Alle spalle vari ‘no’ alla proposta di una conduzione sanremese.
In famiglia una querela al marito Fedez da parte della Rai poi ritirata (due anni or sono) per aver diffuso una telefonata privata con i vertici aziendali, legata alla sua partecipazione al concertone del primo maggio. Quella stessa azienda da lui umiliata via social è oggi pronta a stendere un tappeto rosso a lui e consorte, mentre punta ai loro followers. I due, ovviamente, cercano di prendere il meglio dalla situazione.
Lei, sorriso impostato, mai fuori asse. Confida ai giornalisti di essere emozionata, racconta ancora una volta il suo impegno contro la violenza sulle donne. Ma poi cade il buio più totale sui cachet alternativi, cioè su quanti soldi guadagni da operazioni commerciali o social, collaterali alla partecipazione alla kermesse.
Centrata e lucida, in conferenza ha saputo dribblare domande dei giornalisti (legittime ma scomode) del tipo ‘cosa pensa dei testi sessisti e misogini degli esordi di suo marito Fedez?, ‘Sono qui a rappresentare me stessa, né lui, né la nostra coppia’. E ovviamente, a tale impero, nessuno osa ribattere.
Ma farla franca all’infinito, quando si è così esposti, è dura. Qualcuno in sala stampa chiede ai conduttori quale sia il loro articolo della Costituzione preferito. Amadeus, da sempre re del dribbling, se la cava con “è così bella che si potrebbe prenderne uno a caso” e Ferragni si salva seguendolo a ruota: ‘Idem’.
E ancora, a chi le ha chiesto un parere sulle rimostranze della pallavolista Paola Egonu, co-conduttrice della serata di giovedì 9 febbraio, che ha più volte puntato il dito sul (presunto) feroce razzismo presente nel nostro paese, ha risposto «Paola ha fatto bene a parlare, ma gli haters ci sono ovunque».
È giusto fare battaglie, ma ognuno combatta le proprie, quindi.
Notevole anche un’altra “non scelta” di questo Festival, quella di condividere il palco con Gianni Morandi.
Morandi non è una vera scelta.
A chi non piace Morandi? Una garanzia dell’intrattenimento nostrano, memoria storica del Festival e della musica italiana, che si è esibito persino nell’inno nazionale, su cui siamo tutti d’accordo e che cantiamo tutti in coro. Molti gli interrogativi, invece, sul cachet di Benigni (sempre in forza alla scuderia Presta).

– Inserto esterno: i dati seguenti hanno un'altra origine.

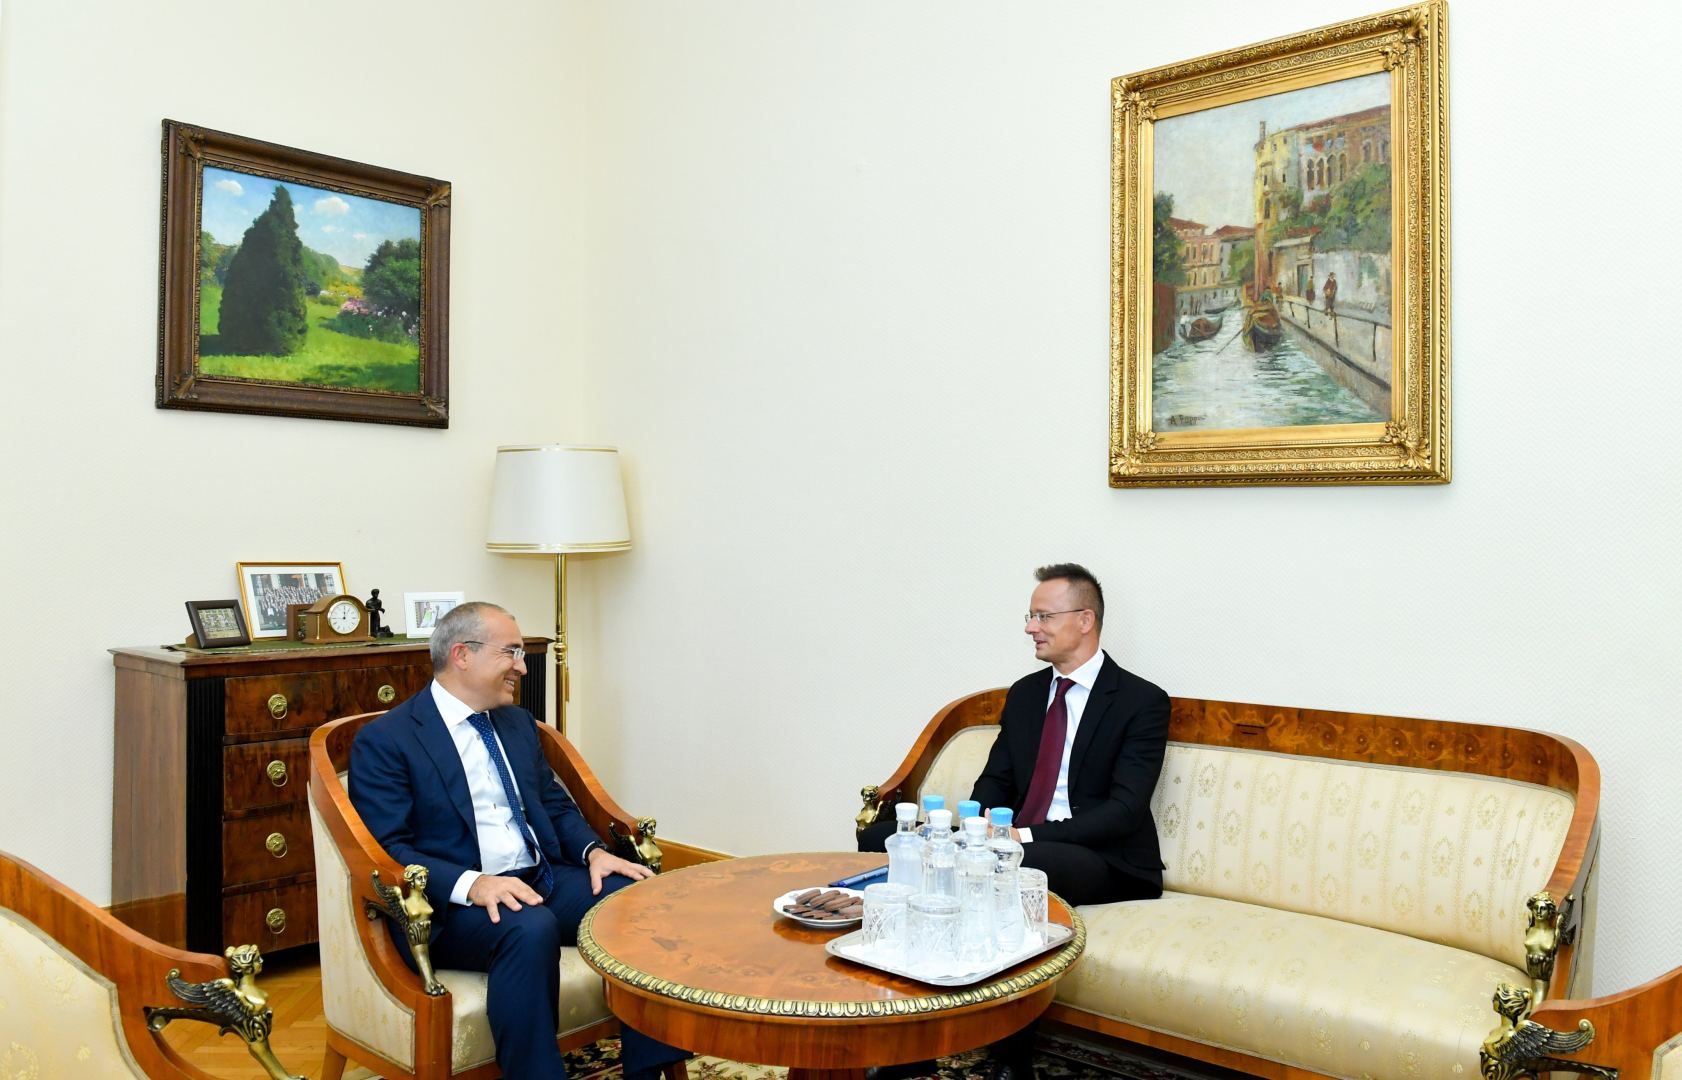 Азербайджан и Венгрия обсудили возможности партнерства по проектам "зеленой" энергетики (ФОТО)
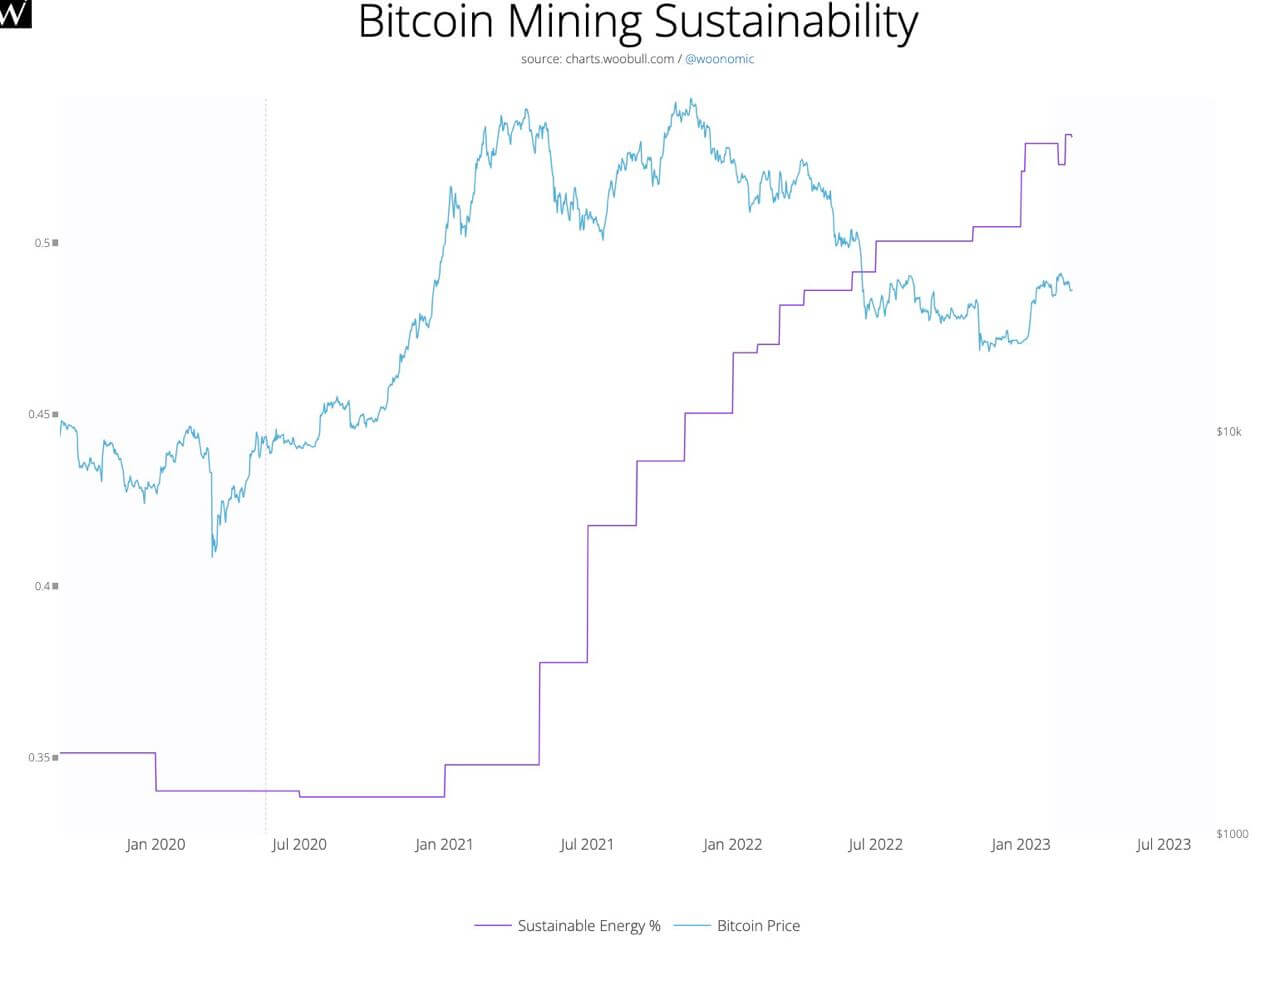 BTC mining sustainability

Coletta in merito si è nascosto dietro il silenzio: ‘Ho rispetto di qualunque trattativa, di qualsiasi artista si tratti’.
Eppure in questo festival perbenista, al momento, manca il bene vero.
Ossia la volontà di devolvere parte degli introiti commerciali alla terra turca colpita da un atroce terremoto. Ma che ci importa, l’importante per ora è che in Italia le luci reggano. E soprattutto che Mediaset, che ha osato trasmettere la sua solita programmazione anche nella settimana santa di Sanremo, si senta umiliata anche solo dall’averci provato.